Bastam esses três enunciados para que deles colhamos questões interessantíssimas sobre os usos da linguagem. Para os meus propósitos aqui, interessa fazer ver que o Paulão, ao produzir seu enunciado, busca construir uma imagem de si, caracterizada pela sensibilidade. Em outras palavras, ele quer causar a impressão de ser um homem sensível. Ele expõe sua face positiva, que pretende seja reconhecida e valorizada pelos interactantes (Tuco e Floriano). No entanto, ignorando a tentativa de Paulão, Floriano avalia negativamente as duas personagens representadas pelo tio Tuco (o tio farofa e o Serginho), considerando-as “bobas”. A depreciação das personagens é um ato de ameaça à face positiva de Tuco em face do sobrinho. A fim de restaurar sua face, ele produz um ato de fala de comando, ordem, advertência, de modo a exigir dele mais respeito. Ele está autorizado a exercer este ato na condição de seu tio (vê-se aqui a importância do status social como fonte legitimadora da produção do ato de ordenar). Tuco exige do sobrinho respeito e, ao fazê-lo, demarca o grau de hierarquia que fora, momentaneamente, ignorado, defende sua face e, ao mesmo tempo, põe a perder as faces positiva e negativa de Floriano, já que, por um lado, lembra ao menino que ele deveria reivindicar para si uma imagem de alguém que respeita os mais velhos, especialmente quando eles são membros de sua família (face positiva – alguém respeitador, educado); por outro lado, limita seu espaço de ação, já que o adverte de que não pode se comportar daquela maneira, criticando seu próprio tio (face negativa).
Posteriormente, Agostinho, entrando em cena, adverte a todos, lembrando-os de que têm de se ocupar com outras atividades, em vez de ficarem assistindo televisão; no caso de Tuco e Paulão, para Agostinho, eles deveriam estar trabalhando.
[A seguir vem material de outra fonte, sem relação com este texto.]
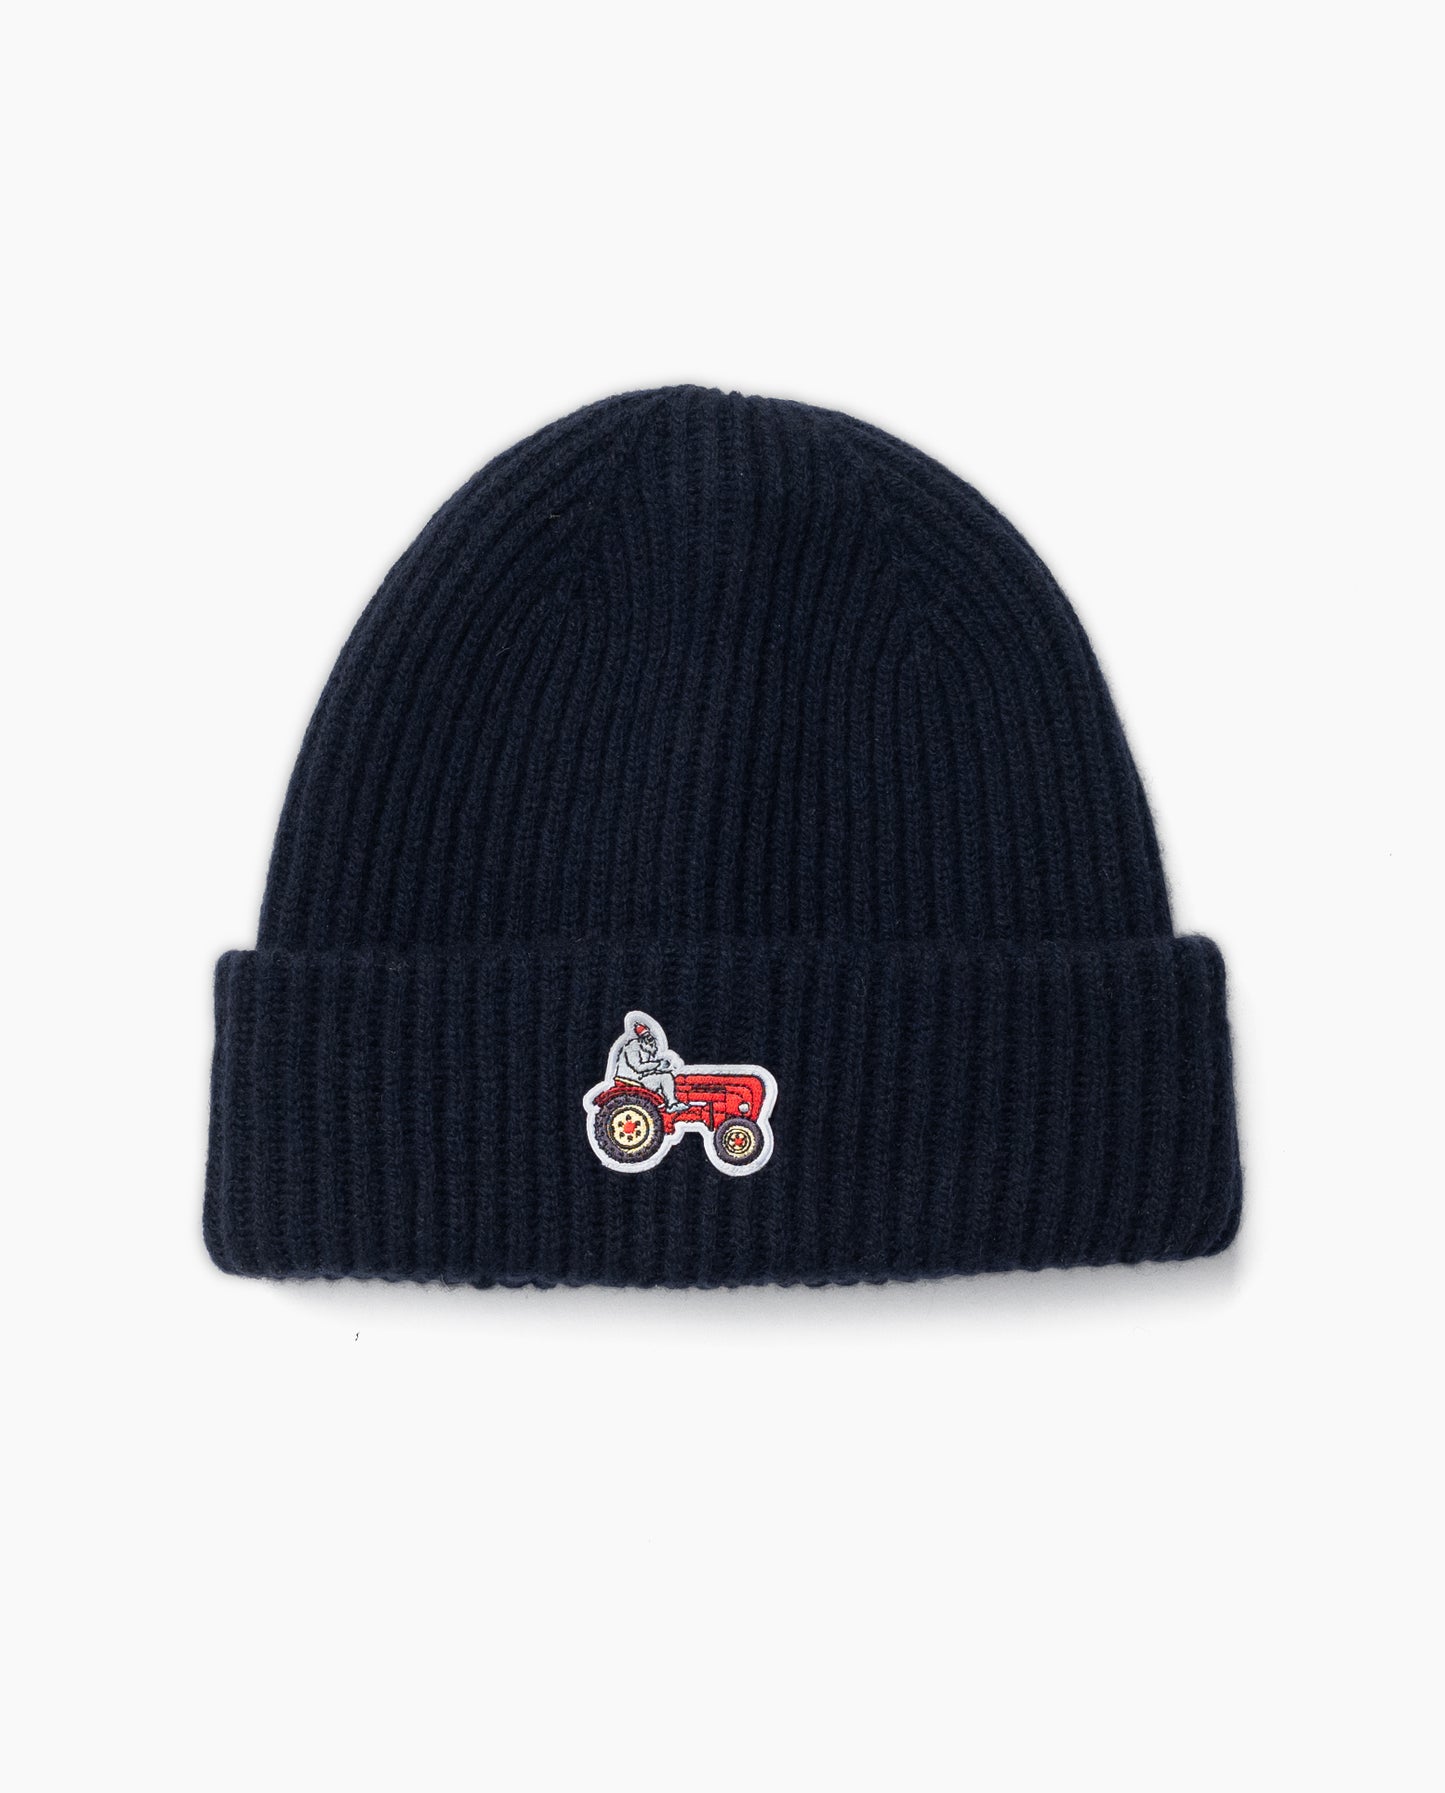 The Yeti on Tractor Beanie

Nesse momento, Agostinho põe a perder as faces de todos eles, já que os avalia negativamente como ociosos e preguiçosos. Tuco tentará restaurar, recuperar sua face positiva (enquanto artista e trabalhador), justificando o tempo livre.
De tudo que foi exposto, cumpre notar que, ao entrarmos nos jogos de interação, ao aceitarmos jogar segundo as regras desses jogos, estamos constantemente negociando significados, não só os associados aos nossos enunciados, mas também os associados às imagens que fazemos deles, da situação em que nos encontramos e de nós mesmos.
Longe de serem permanentemente harmoniosos, os eventos comunicativos não deixam de exibir tensões, conflitos, que devem, é claro, ser atenuados e, tanto melhor resolvidos, a fim de que a interação seja proveitosa para todos os participantes. É claro que os interactantes buscam sustentar a harmonia durante a interação, mas a arena da qual os discursos são uma representação deixa entrever que a harmonia desejada deve ser sempre negociada e nunca é algo garantido de antemão. 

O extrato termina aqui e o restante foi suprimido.